A clear distinguishable separation vertically between the classifications implies that these variables could be effective predictors for our model.

## Methods

We plan to train multiple models using various subsets of the summary-statistic columns as predictor variables, given how the pulses for a candidate that is truly pulsar are "remarkably constant over long periods of time" (Karastergiou et. al, 2011) and as such tend to reveal prominent insights on curve profiles. 

We can use scatter plots similar to above to qualitatively assess pairs of variables for any distinct separation or clustering of classified points. Plots like this provide an interface for human inspection, as used to train other models such as artificial neural networks (Eatough et al., 2010).

We will fit a K-Nearest Neighbours classifier model to our training data, using a GridSearchCV with 5-fold Cross-Validation to choose $k$. This allows us to efficiently test the validation accuracy at many values of $k$ and combat both overfitting and underfitting.

With our best model, we can assess its accuracy on the testing set using a confusion matrix, allowing us to more critically assess the accuracy based on whether false positives are more costly than false negatives.

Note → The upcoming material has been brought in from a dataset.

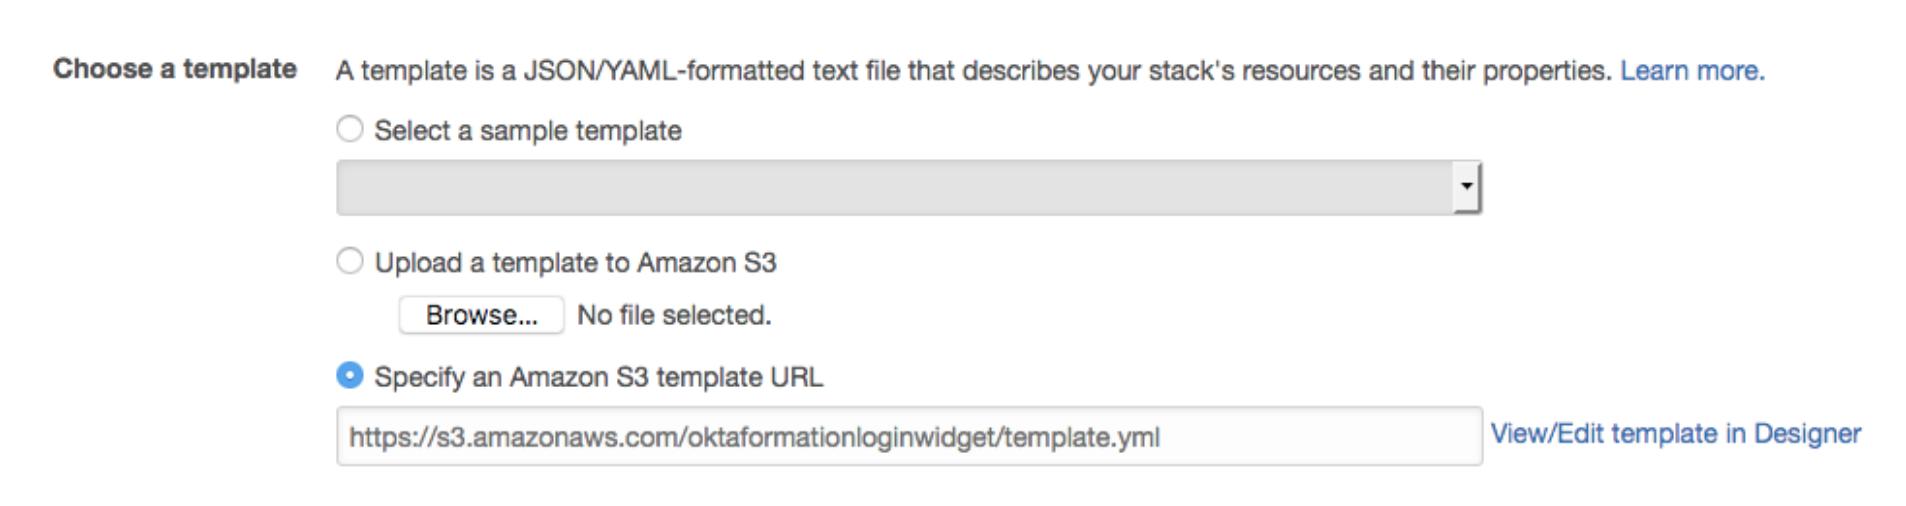 CloudFormation choose template
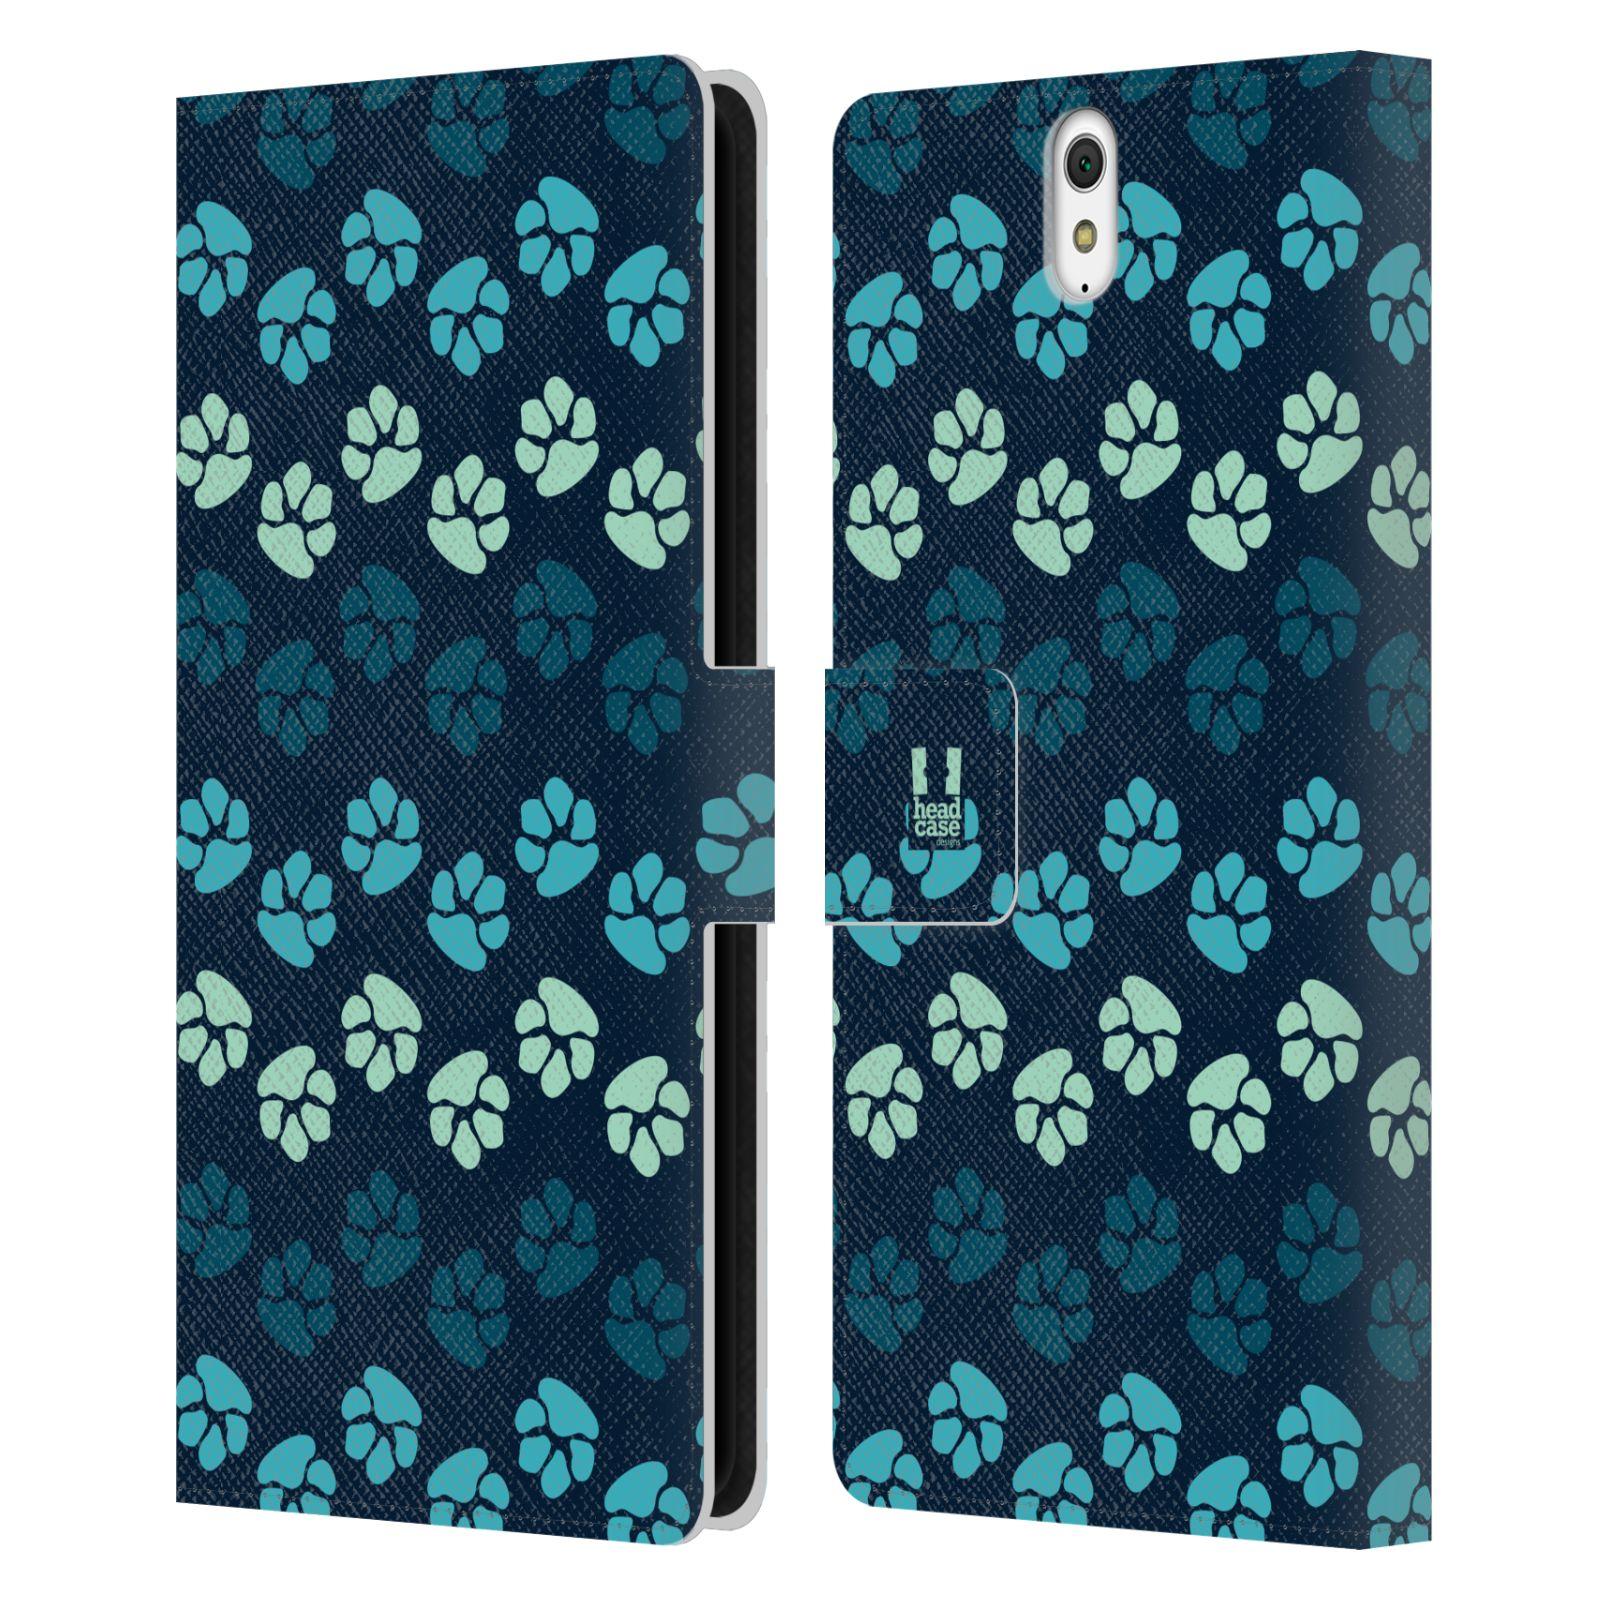 HEAD CASE Flipové pouzdro pro mobil SONY XPERIA C5 Ultra Pejsek ťapky modrá barva

## Expected Outcomes and Significance

Our expectation is to determine the variables necessary for an effective classification model of "pulsar" and "non-pulsar" candidates.

This may be useful in finding and identifying future "pulsar" neutron stars in more complicated models. It may also help narrow down future observations and disregard unlikely candidatesat earlier stages of investigation.

A future extension or question may include:
- Could a machine learning process be implemented extending on these variables for even greater accuracy?

# References

1. Eatough, R. P., Molkenthin, N., Kramer, M., Noutsos, A., Keith, M. J., Stappers, B. W., & Lyne, A. G. (2010). Selection of radio pulsar candidates using artificial neural networks. Monthly Notices of the Royal Astronomical Society, 407(4), 2443-2450.

2. Karastergiou, A., Roberts, S. J., Johnston, S., Lee, H. J., Weltevrede, P., & Kramer, M. (2011). A transient component in the pulse profile of PSR J0738− 4042. Monthly Notices of the Royal Astronomical Society, 415(1), 251-256.